The reasons for my lack of enjoyment are largely a general malaise that manifests itself as I chew through the texts. A chunk of my day job resembles the type of puzzles I’ve completed, and if I wanted more of that I could knock some real items off my to–do list.
I have 22 stars for completing both parts of every day so far this year, but I’m taking a break until I have a bit more downtime.
Day 1¶
I jumped in with my toolset from last year, so my solution for part one is:
@aoc_run({
'12': 2,
'14': 2,
'1969': 654,
'100756': 33583,
},
3329926
)
@read_data
def fuel_requirements(inputs: List[str]) -> int:
return sum(int(l) // 3 - 2 for l in inputs)

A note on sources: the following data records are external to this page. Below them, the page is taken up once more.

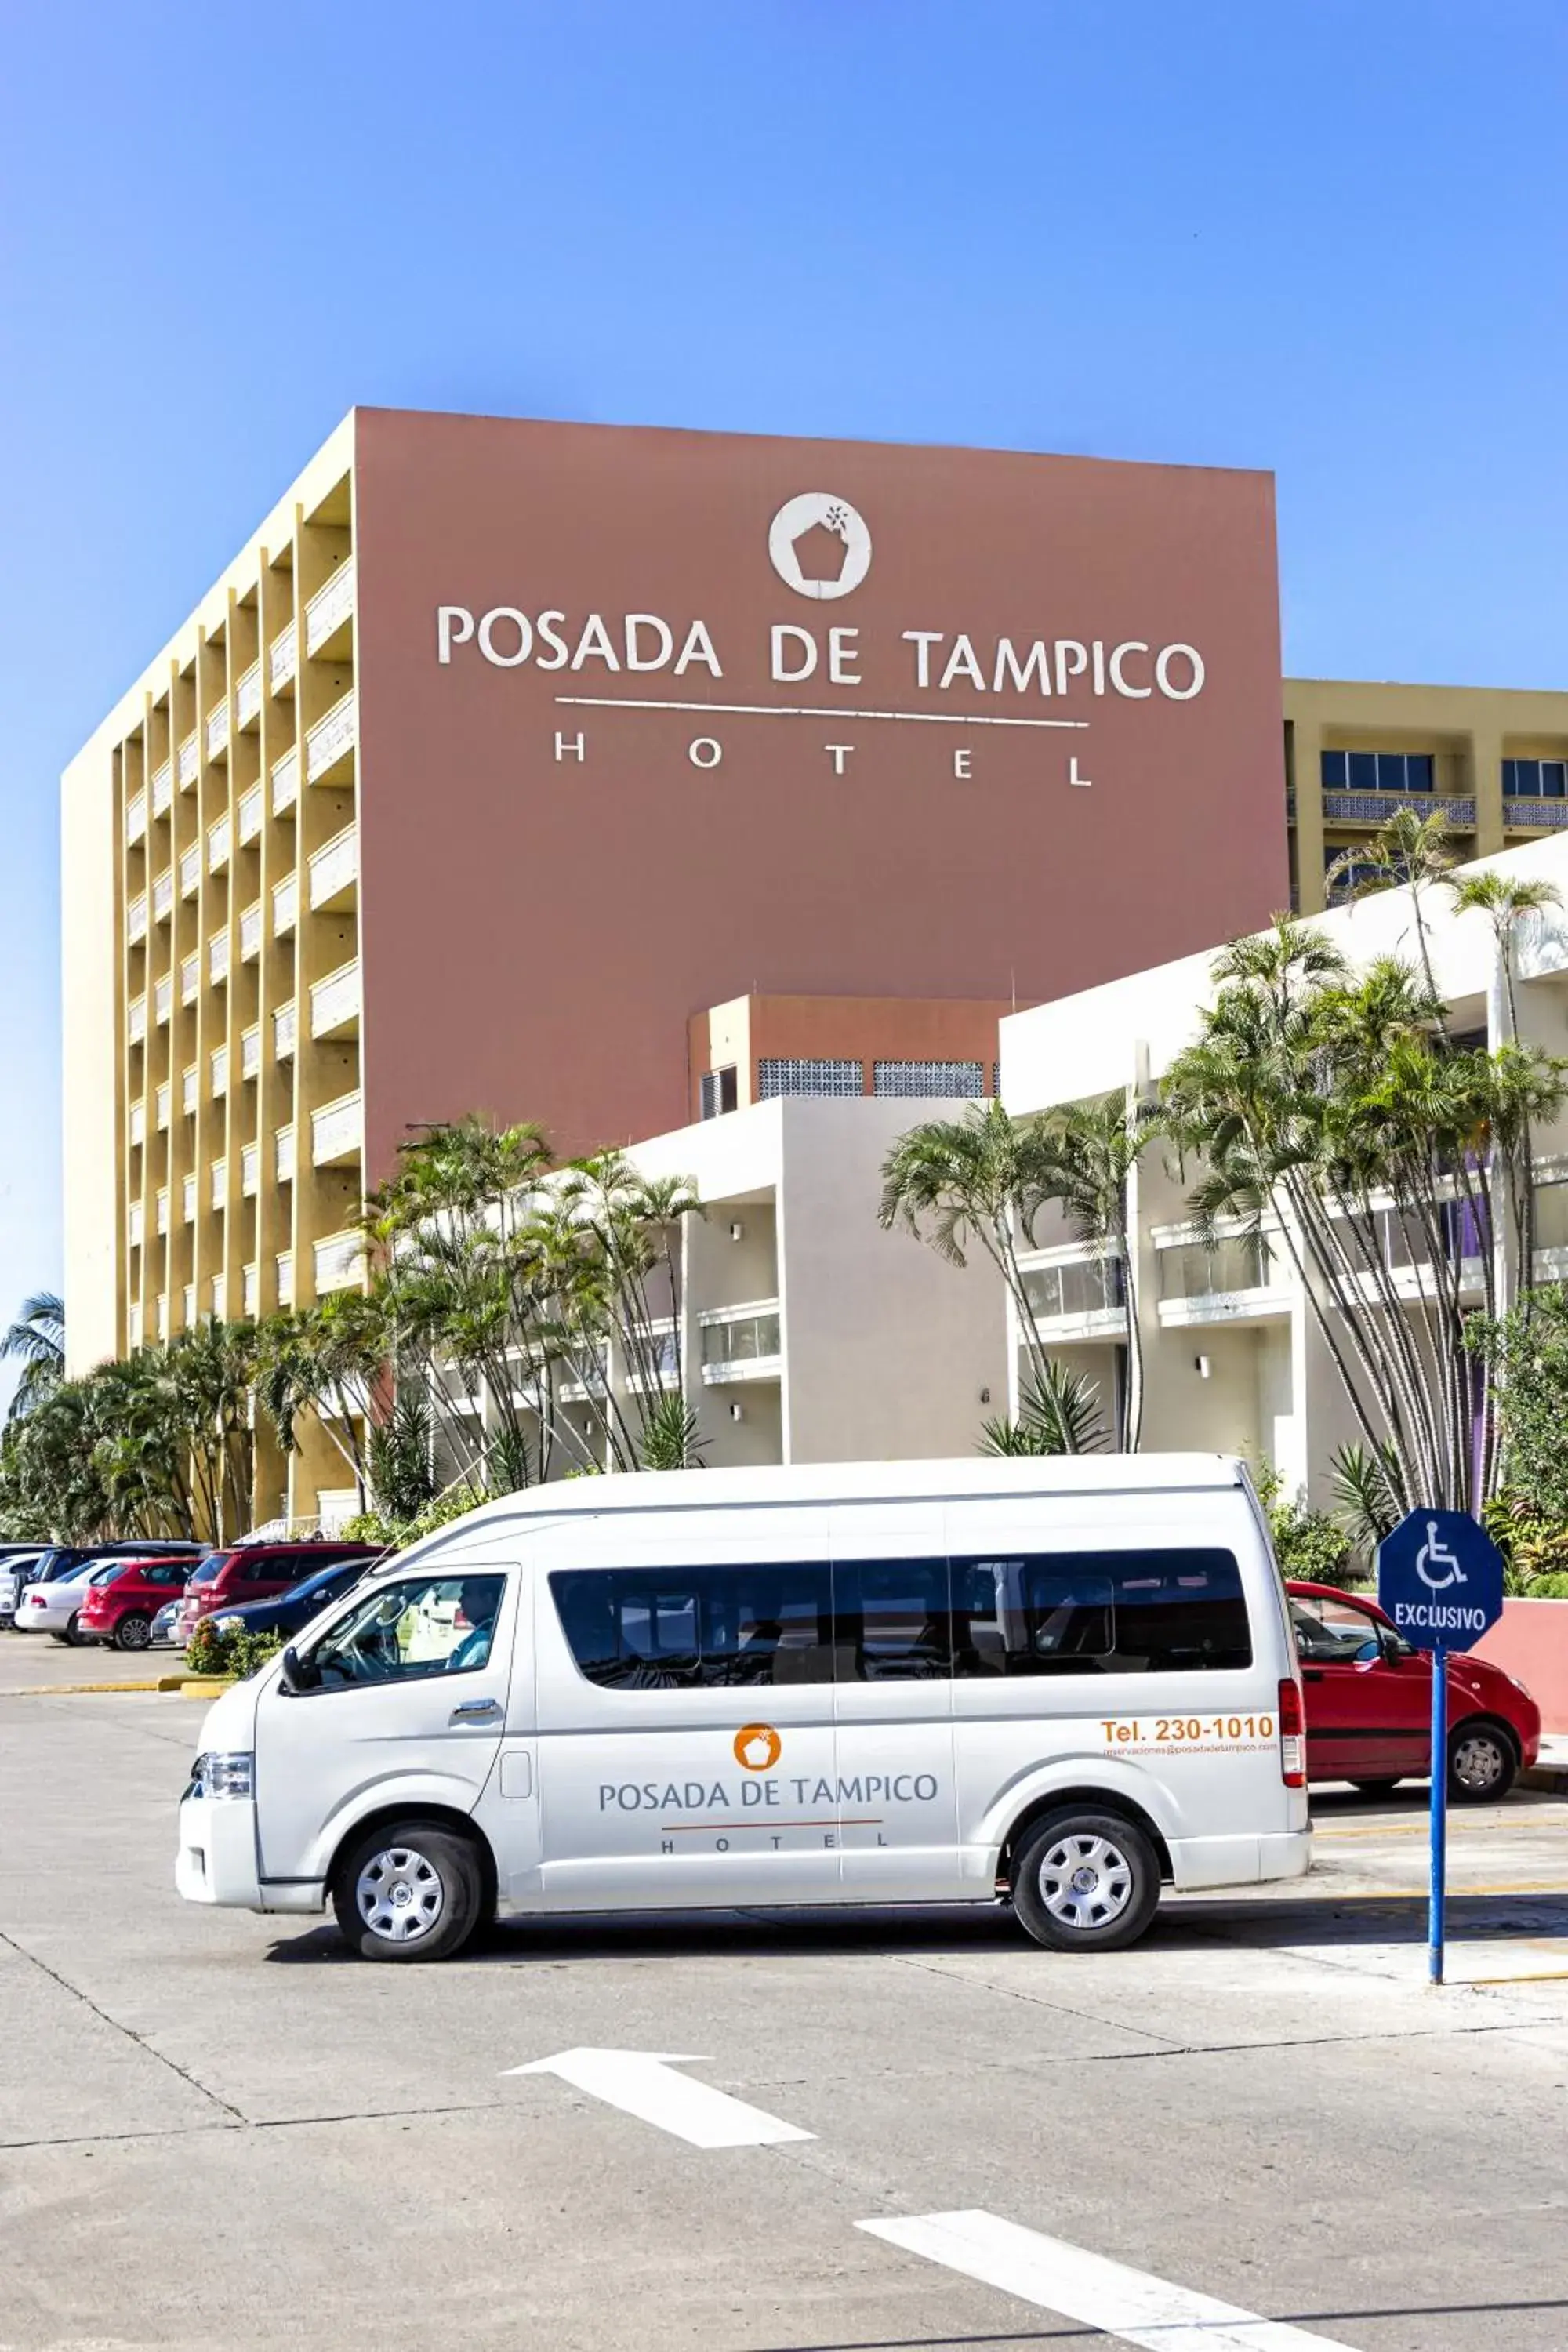 Property building in Posada de Tampico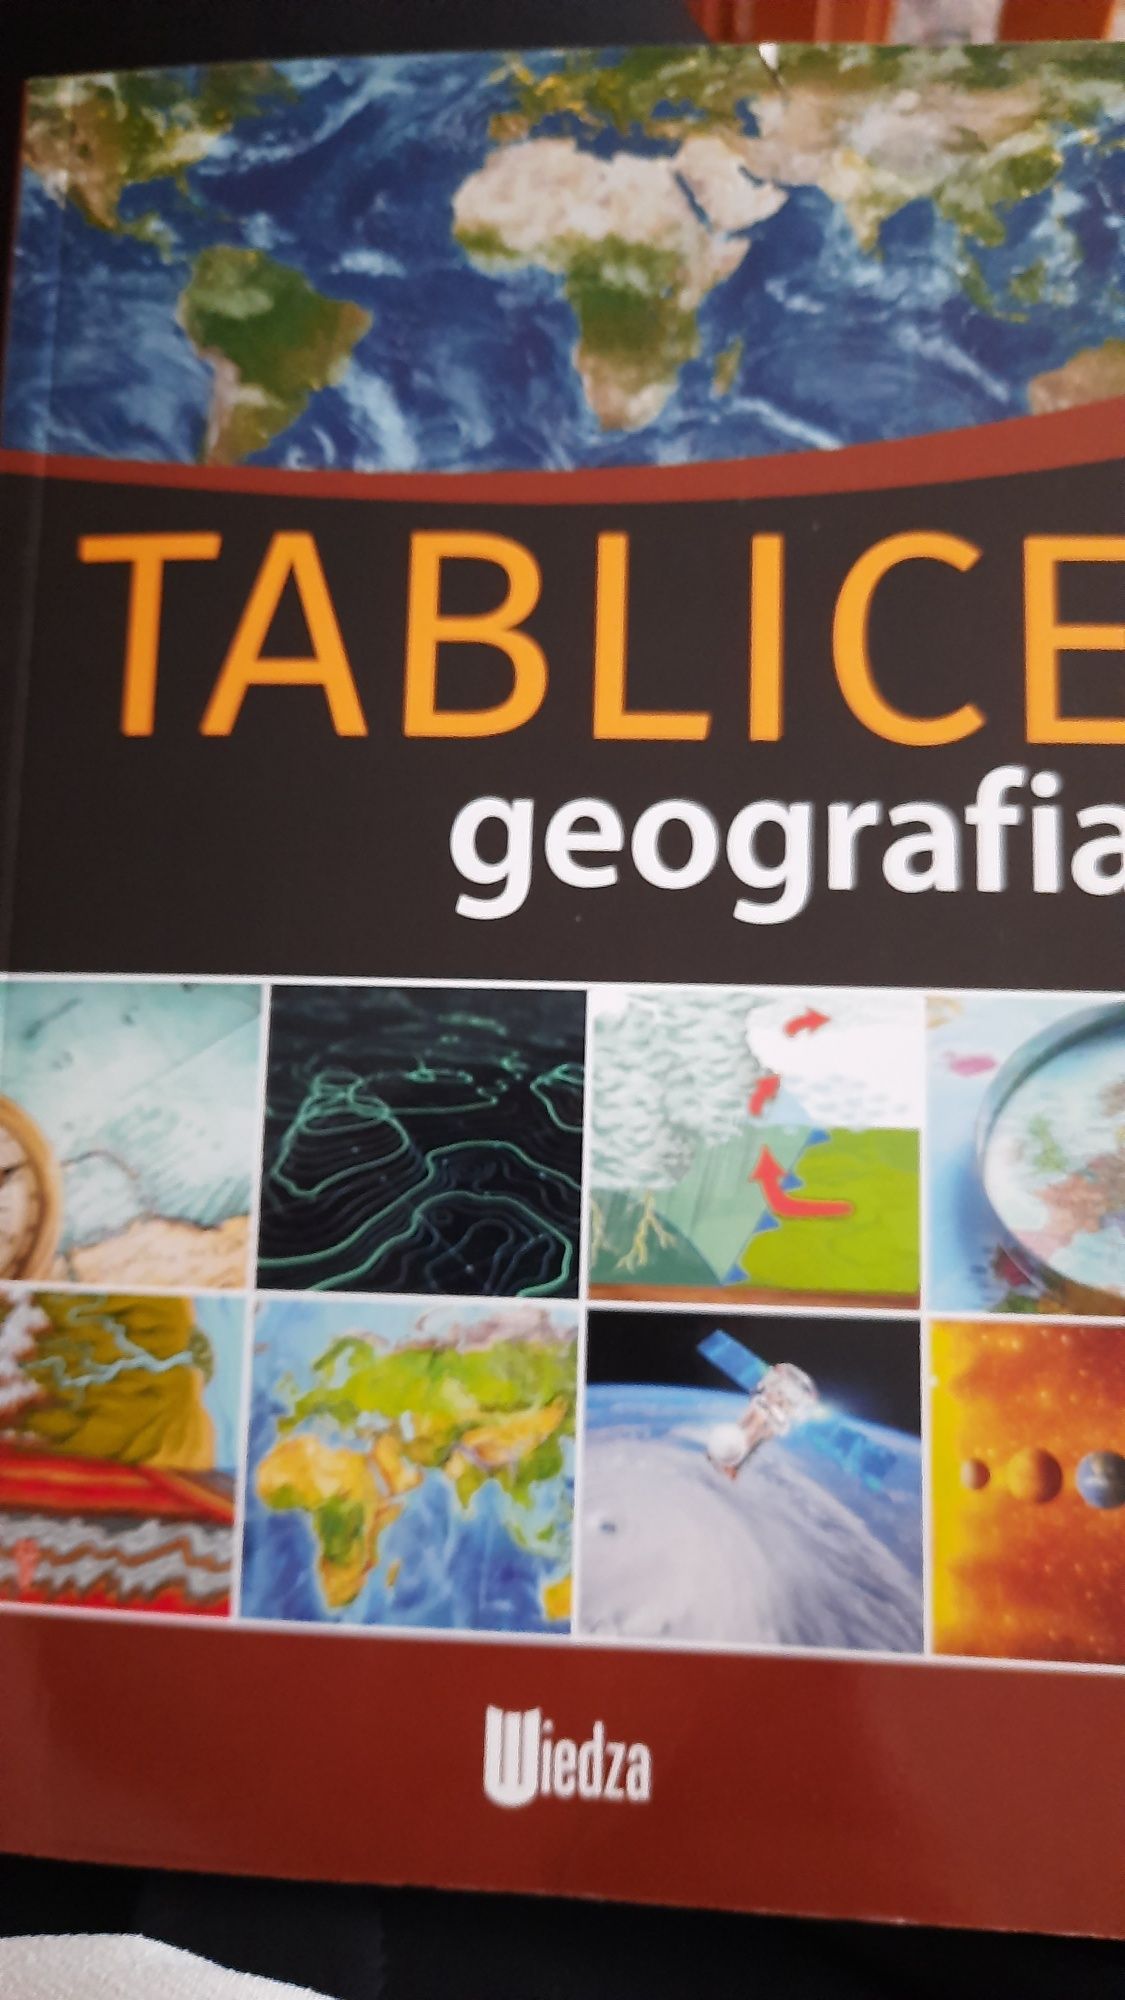 Tablice geografia. Wydawnictwo: Wiedza.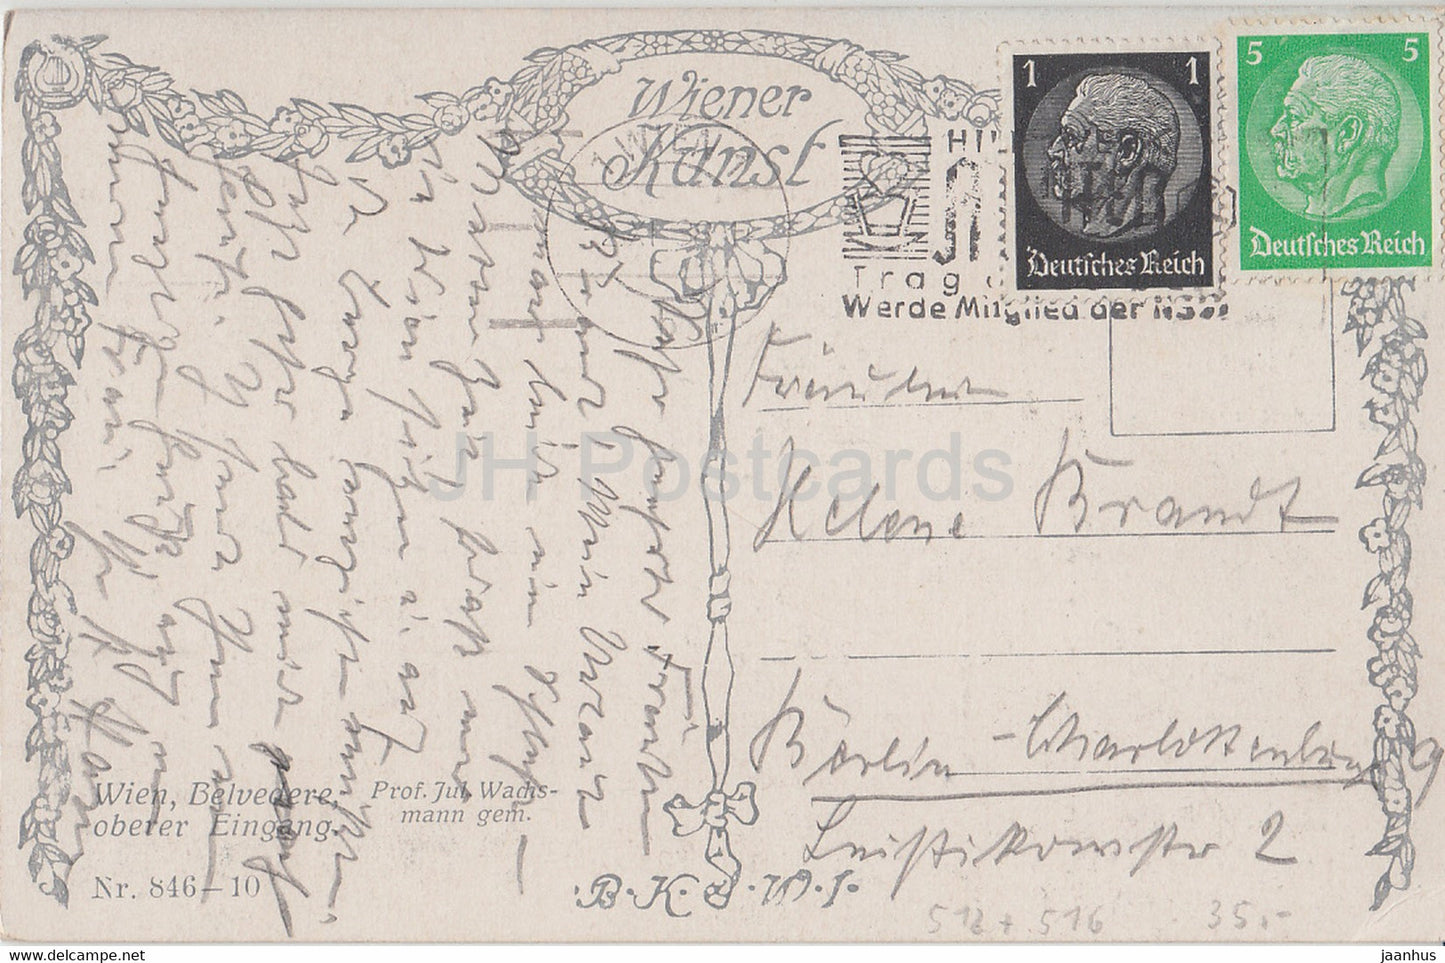 Wien - Belvédère - Oberer Eingang - illustration de J. Wachsmann - 846 - carte postale ancienne - Autriche - d'occasion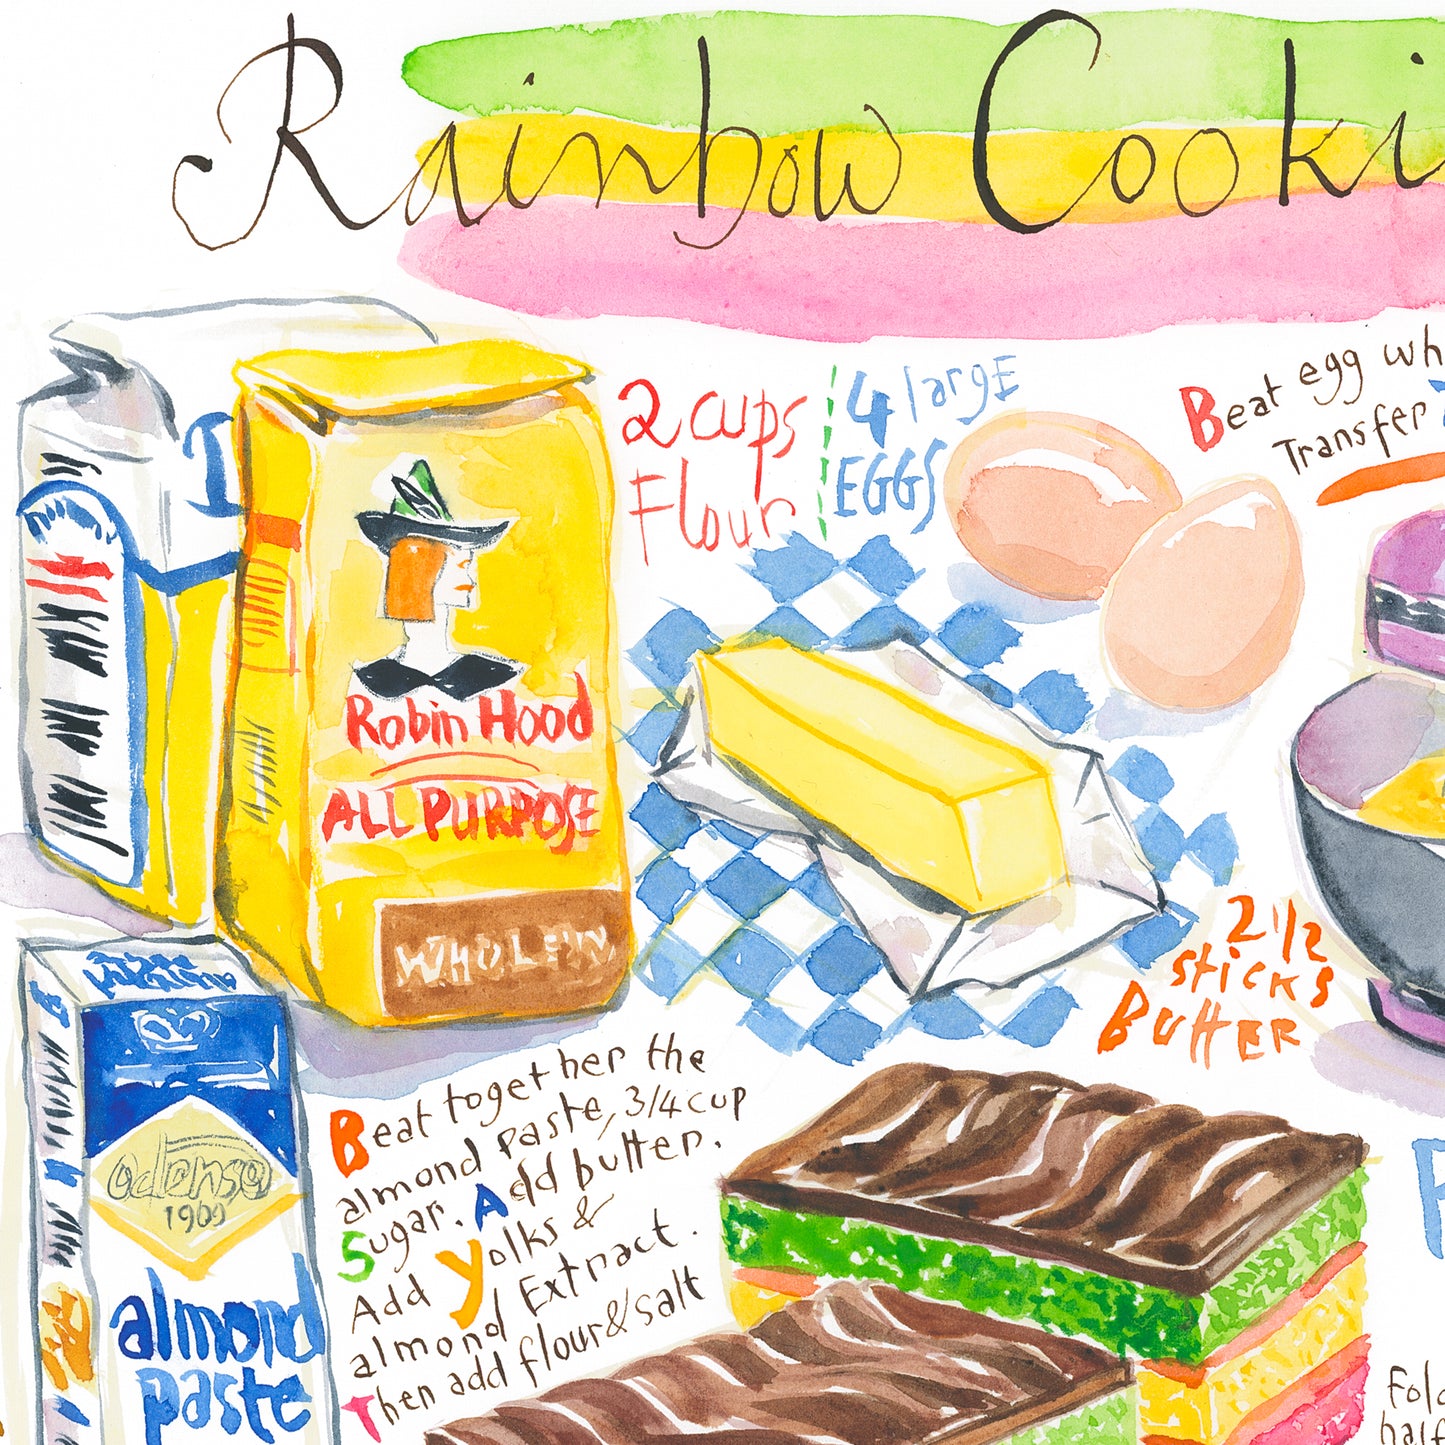 Rainbow cookie recipe

The aoc_run decorator configures a test runner using the examples from
description, and if provided the second argument confirms my output when I’m
refactoring the code(which I won’t be doing in this instance). If the second
argument isn’t provided, such as when you’re writing your code, it will output
the result for you to submit.
There is nothing interesting with the code for the solution itself, possibly
beyond the fact that we’re using //(floor division) to handle the rounding
for us.
This could be performed just as easily with bc and/or num-utils. I had
ultisnips configured to create a skeleton from last year, so only had to paste
the tests and type the sum() call to complete the first part.
Part two leans toward a solution using recursion, and allows us to introduce one
of the many useful tools from Python’s stdlib itertools.takewhile(). This
function consumes an iterator until the given condition no longer holds. In
this instance we’re told to recurse until our additional fuel is just a rounding
error, we can code this with a simple takewhile(lambda x: x > 0,
fuel_recurse(int(l))).
The recursion itself is a simple infinite generator:
def fuel_recurse(n):
mod = n
while True:
mod = mod // 3 - 2
yield mod
The call to takewhile() will slurp up results for each module,
and then we can simply call sum() on them. It only depends on your taste
whether you choose to flatten the results from each module, or whether you call
sum() on per-module sum() results.
In my rush to hit the leaderboard I introduced a really stupid logic bug,
my original REPL code was mod //= 3 - 2. Clearly this won’t work as it is
simply dividing mod by 1. I might be number one on the leaderboard for
idiocy with a bug that foolish, but luckily I’m too stoopid to find it to
check. I’m admitting this in the open to remind myself to think a little more
in the following days.
Day 2¶
Annoyingly this problem introduces examples that function differently from your user input. If, like me, you collect the examples for use as a test case you’ll need to treat your output differently to account for the “before running the program, replace position 1 with the value 12 and replace position 2 with the value 2” caveat.
I wasted a moment or two trying to decide whether to do The Right Thing™ or special case the user input. I chose to special case it initially, by implementing a guard based on program length. I’m acknowledging this to make a point, it is very tempting to produce awful hacks in the eternal pursuit of valuable internet points.
def init_computer(inputs: List[str]) -> int:
program = list(extract_numbers(inputs[0]))
if len(program) > 10:
program[1] = 12
program[2] = 2
return run_program(program)[0]
I had to go back and fix it before I tackled part two, as it really annoyed me having to look at it in my editor.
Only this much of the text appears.